The end of human-dominated history?
Yuval Noah Harari, a historian, stated in a talk that these upcoming developments in AI will not be the end of history, but rather “the end of human-dominated history. Someone else will be in charge as history goes on. It more closely resembles an alien invasion.
Suleyman retorted that AI tools would lack agency and hence be limited to what humans gave them the authority to accomplish. This future AI may be “more intelligent than us,” Harari retorted. “How do you keep something smarter than you from developing agency?” With agency, an AI could take behaviors that are incompatible with human wants and ideals.
These next-generation models are the next step towards AGI and a future in which AI will be increasingly more capable, integrated, and useful in current life. While there are many reasons to be optimistic, these anticipated new developments lend fuel to calls for control and regulation.
The regulatory problem
Even the CEOs of corporations that create frontier models believe that regulation is required. On September 13th, after many of them spoke together before the United States Senate, it is reported that they “loosely endorsed the idea of government regulations” and that “there is little consensus on what regulation would look like.”
Senator Chuck Schumer organized the session, and afterwards he emphasized the difficulties in developing proper rules. He noted that AI is technically complex, constantly developing, and “has such a wide, broad effect across the entire world.
AI regulation may not even be feasible. For starters, much of the technology has been released as open-source software, which means it is effectively available for use by anybody. This alone might make many regulatory efforts difficult.
Precaution logical and sensical
Some argue that public pronouncements by AI leaders in support of regulatory theatrics are a form of regulation theatrics. According to report, Tom Siebel, a long-time Silicon Valley veteran and current CEO of C3 AI: AI executives are roping legislators in, urging them to regulate us. However, there is insufficient money and intellectual capital to secure the safety of millions of algorithms. They are well aware that it is impossible.

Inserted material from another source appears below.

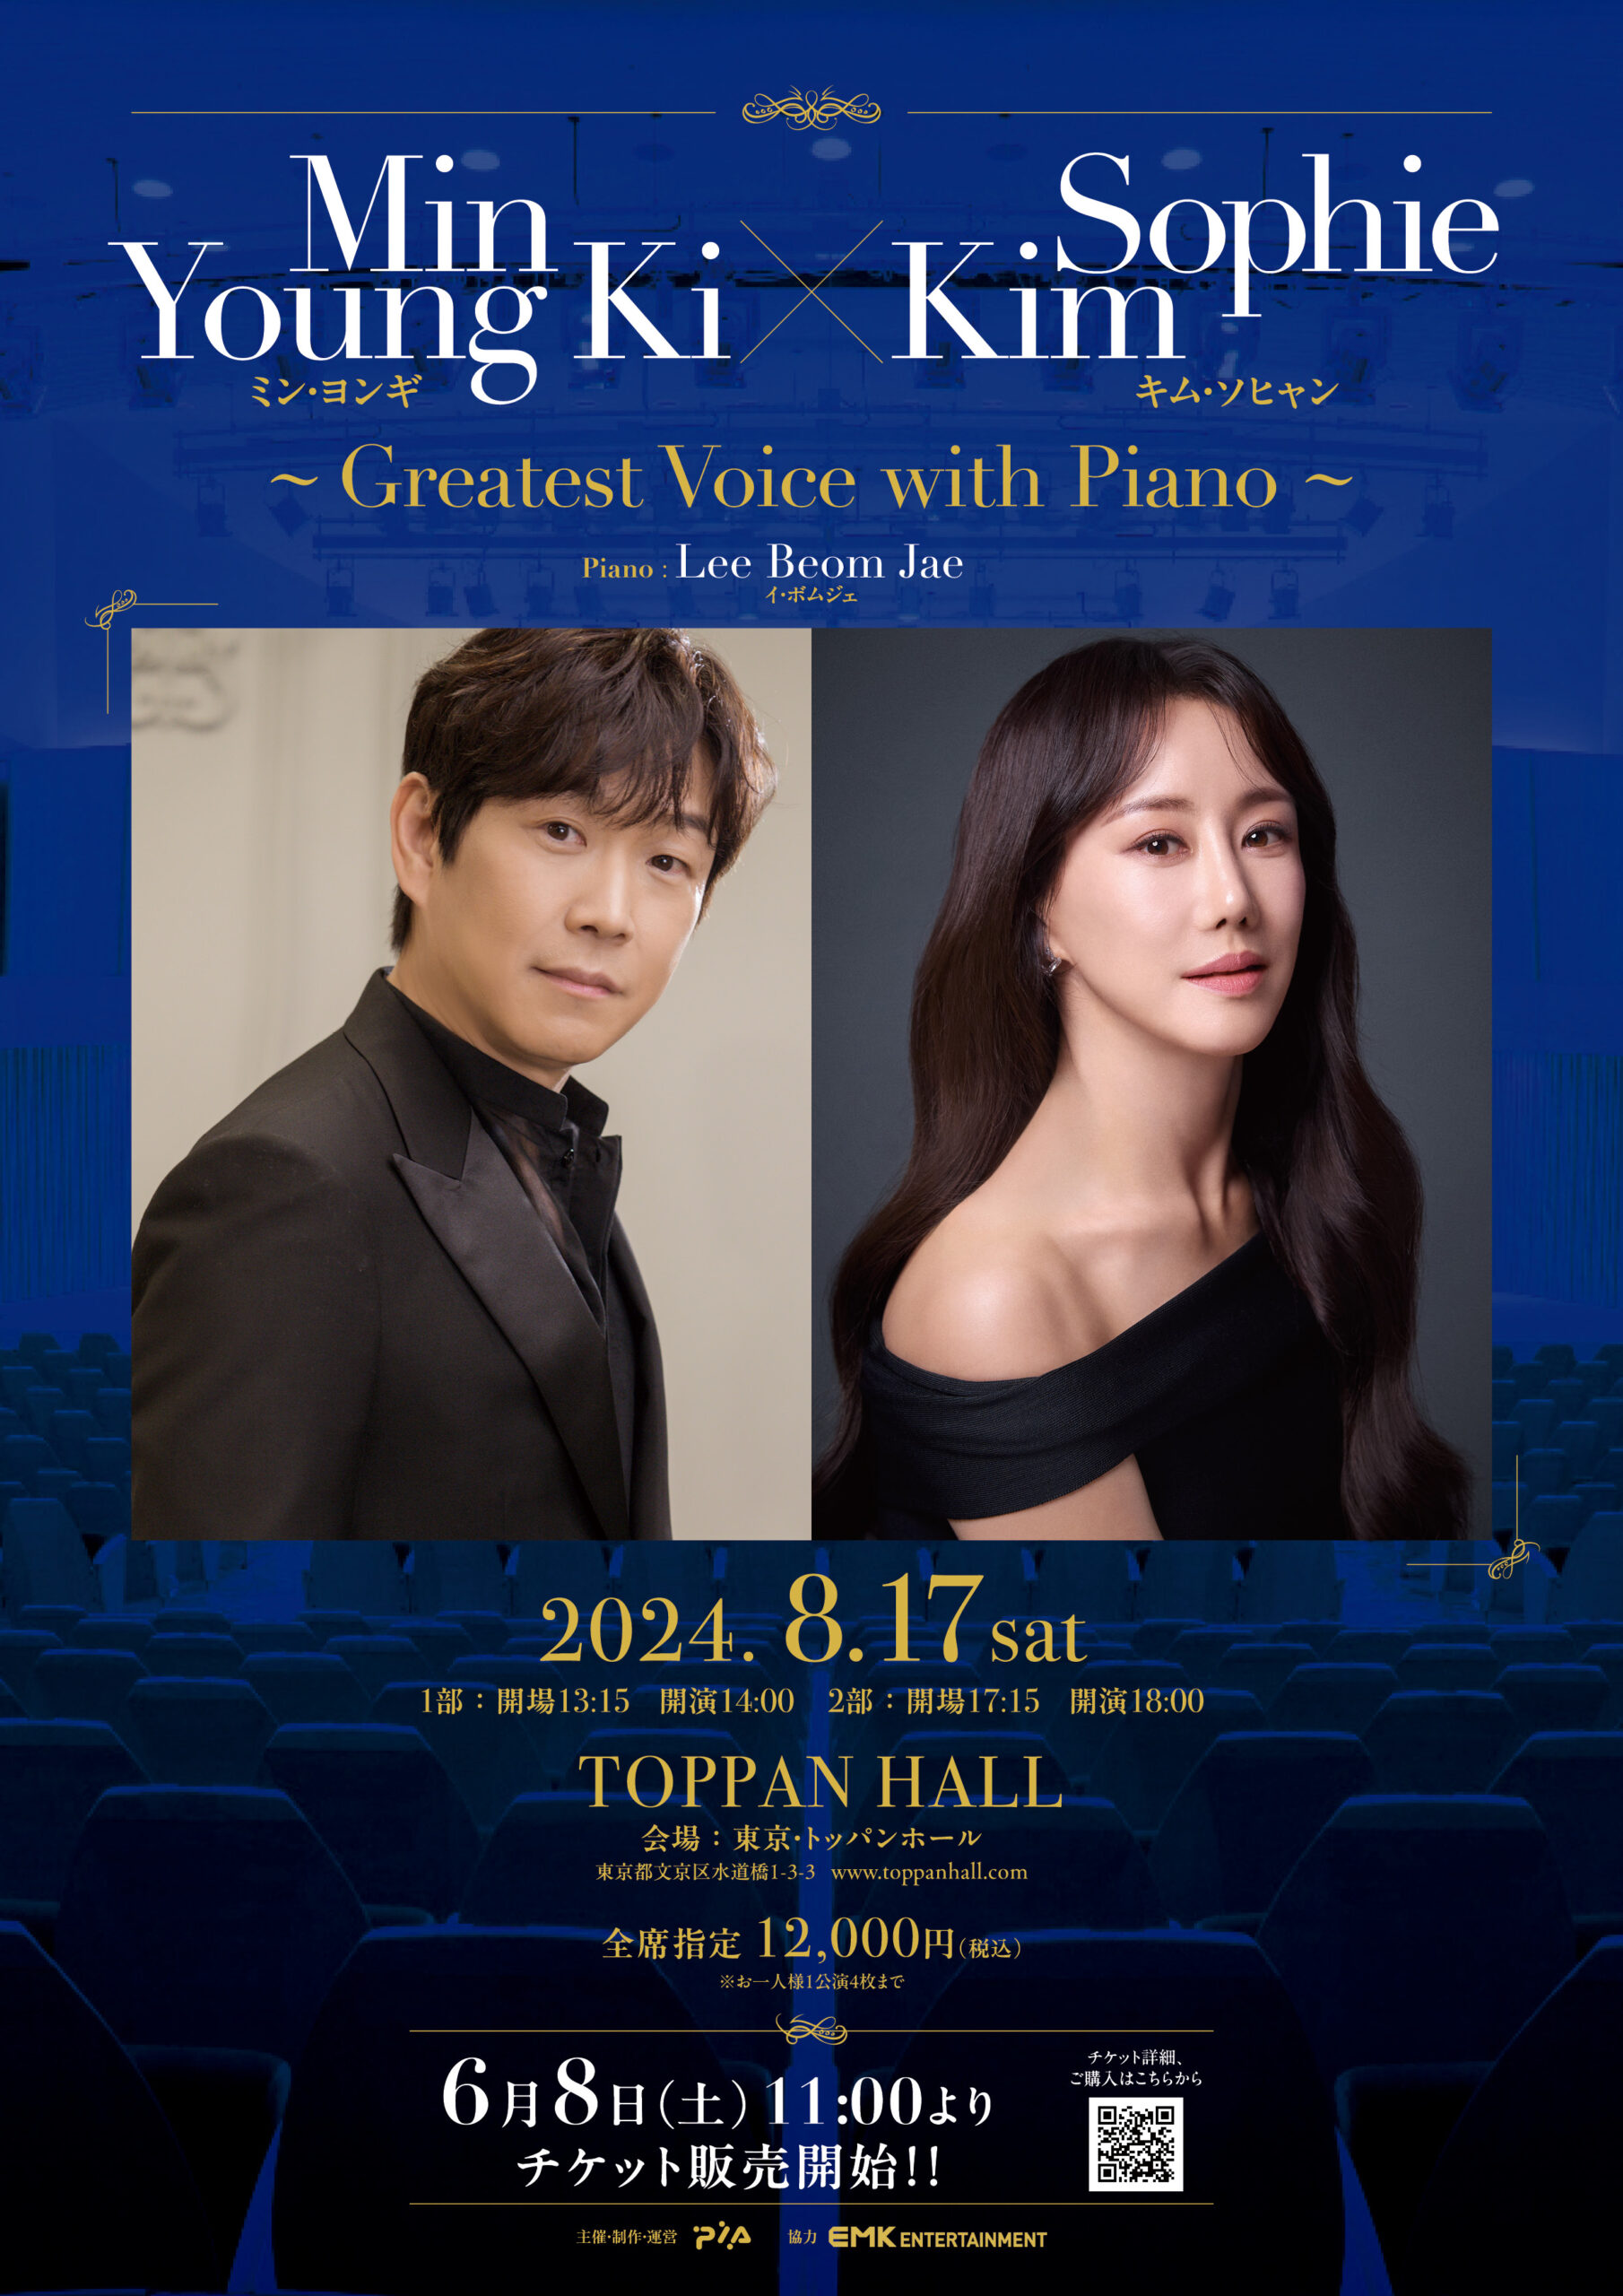 ミン・ヨンギｘキム・ソヒャン Greatest Voice With Piano 開催決定のお知らせ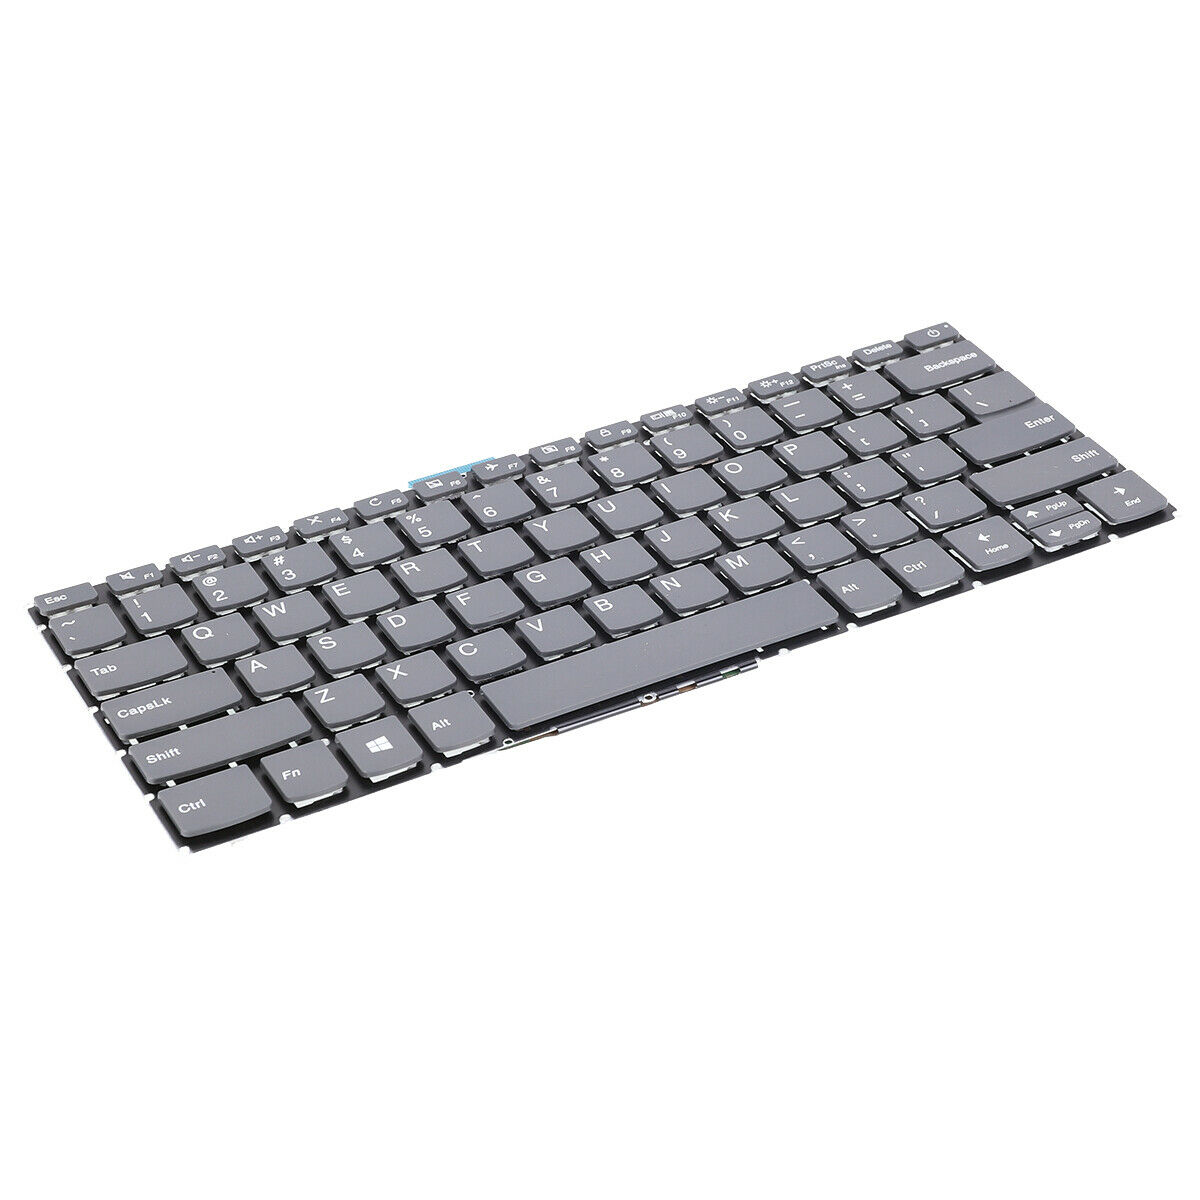 Bàn phím dành cho Laptop Lenovo IdeaPad S145-14IIL S145-14API S145-14IGM S145-14IKB S145-14IWL Keyboard US Black - Có nút nguồn

It may be impossible, but we must try. As Suleyman emphasized in his Economist interview, this is the time to embrace a precautionary approach, not out of fear, but simply as a reasonable, sensible way to go.
As AI rapidly evolves from limited capabilities to AGI, the promise is enormous, but the risks are severe. In this age of uncertainty, we must use our deepest conscience, knowledge, and care to create these AI technologies for the benefit of humanity while avoiding extreme potential risks.